Anyone from Pennsylvania know what the fine is for having Cutouts installed on your vehicle? I just read the DOT Inspection portion of exhausts and it specified they are illegal even to have which is dumb so I was curious as to what the fines are to have them. 

If I get mine put on you will probably be able to see them because the new mid-pipes from the pacesetter long tube headers hangs about an inch or so lower so they would be easy to see if you were to look for them...


----------



## jpalamar (Jul 22, 2008)

I don't know a single person that ever had an issue with cutouts yet. It will be retarded loud with long tubes and catless mids(assuming catless because Pacesetter only offers catless).

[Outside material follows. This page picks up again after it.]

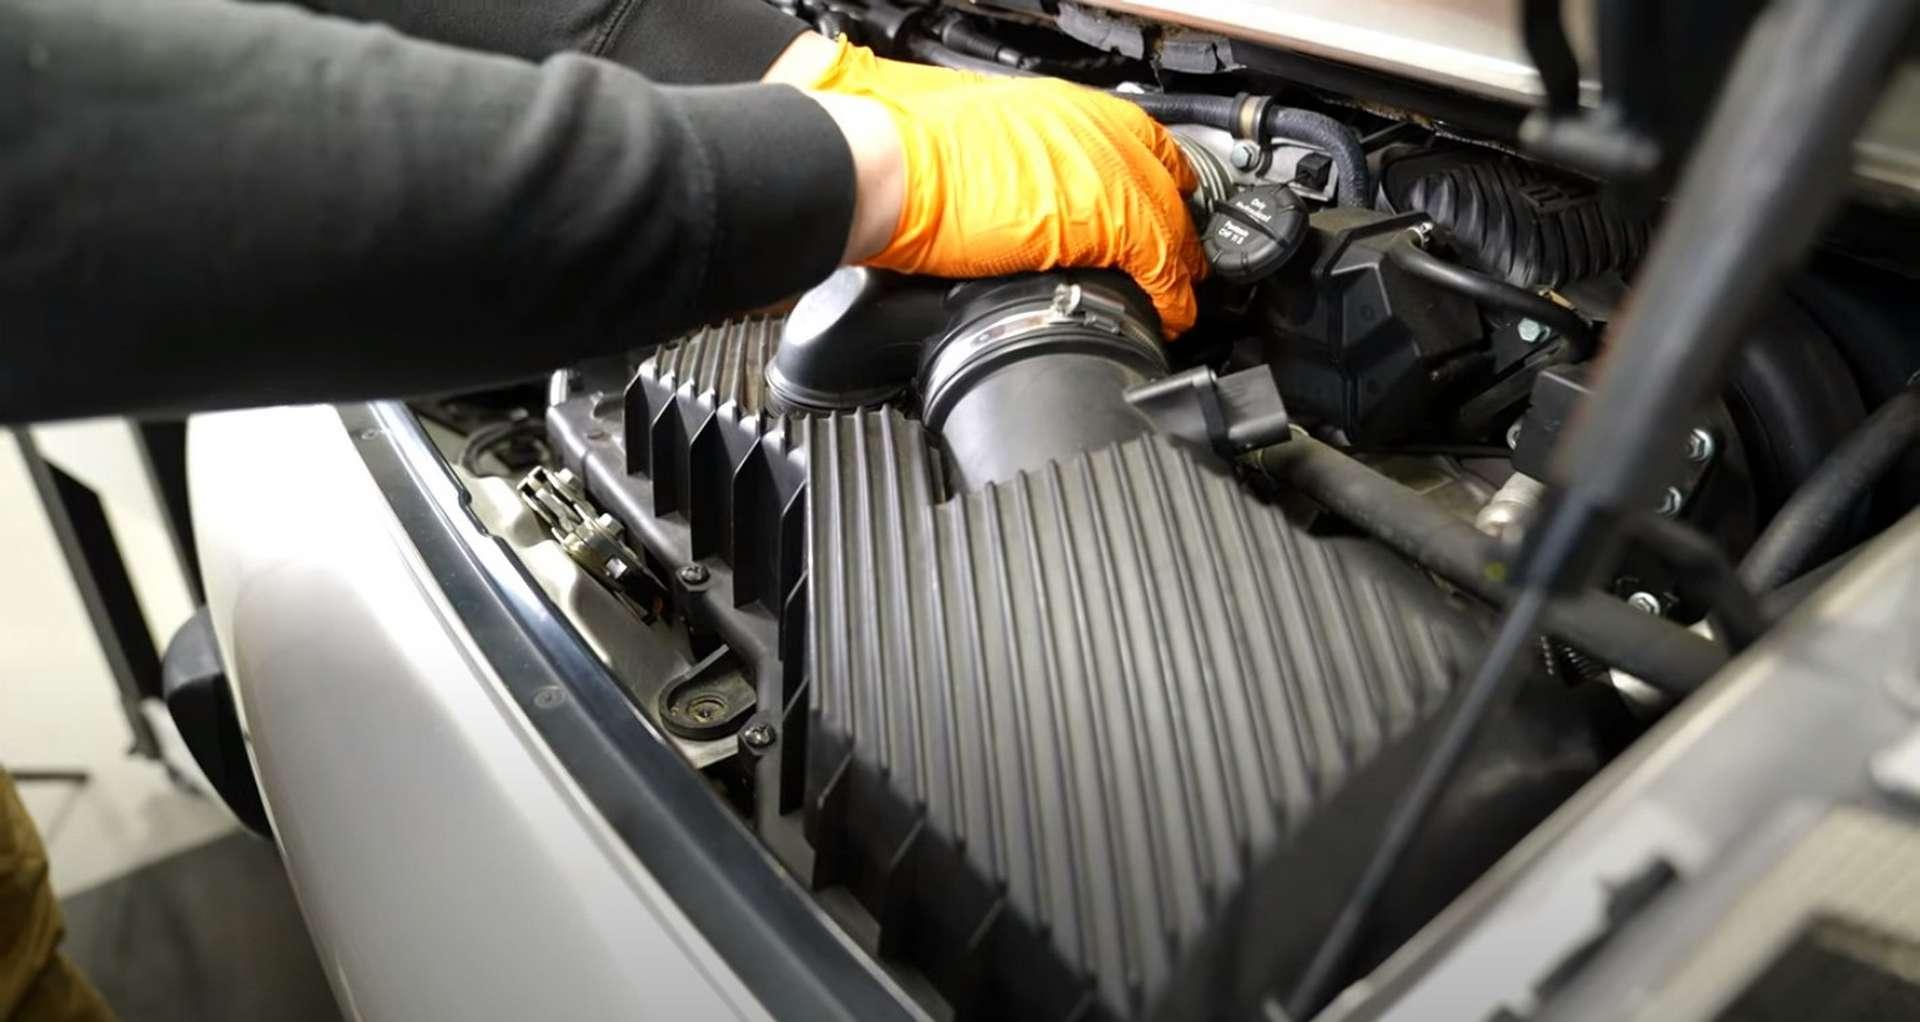 04-DIY-Porsche-996-Engine-Mount-Replacement_Removing_Intake

It shouldn't be too hard to find a place to pass you either for stickers. I was catless for 2 years with mine without being questioned. I also had my windows tinted and tinted tails. I got pulled over a few times for speeding and once for doughnuts.


----------



## chuckD (May 7, 2009)

I cant say I was real concerned but I was really unsure what trouble would be expected had I ran into the issue and it been pressed...

Ive been catless roughly 8months now on Stock Muffs and Im trying to find which muffler to go with for the most reasonable price. I got my DMH Cutouts ready to hit the Midpipes for alittle roadhazardness and track playtimes. 

With this being asked, now I think about it I am not even sure what trouble lies with Catless systems... hope to never find out I guess...

Got pulled over once on a toll road for Tint, when I pulled over I shut the car down as soon as I was dead stop. so he couldnt smell it. Its a noticable smell haha. oh well.


----------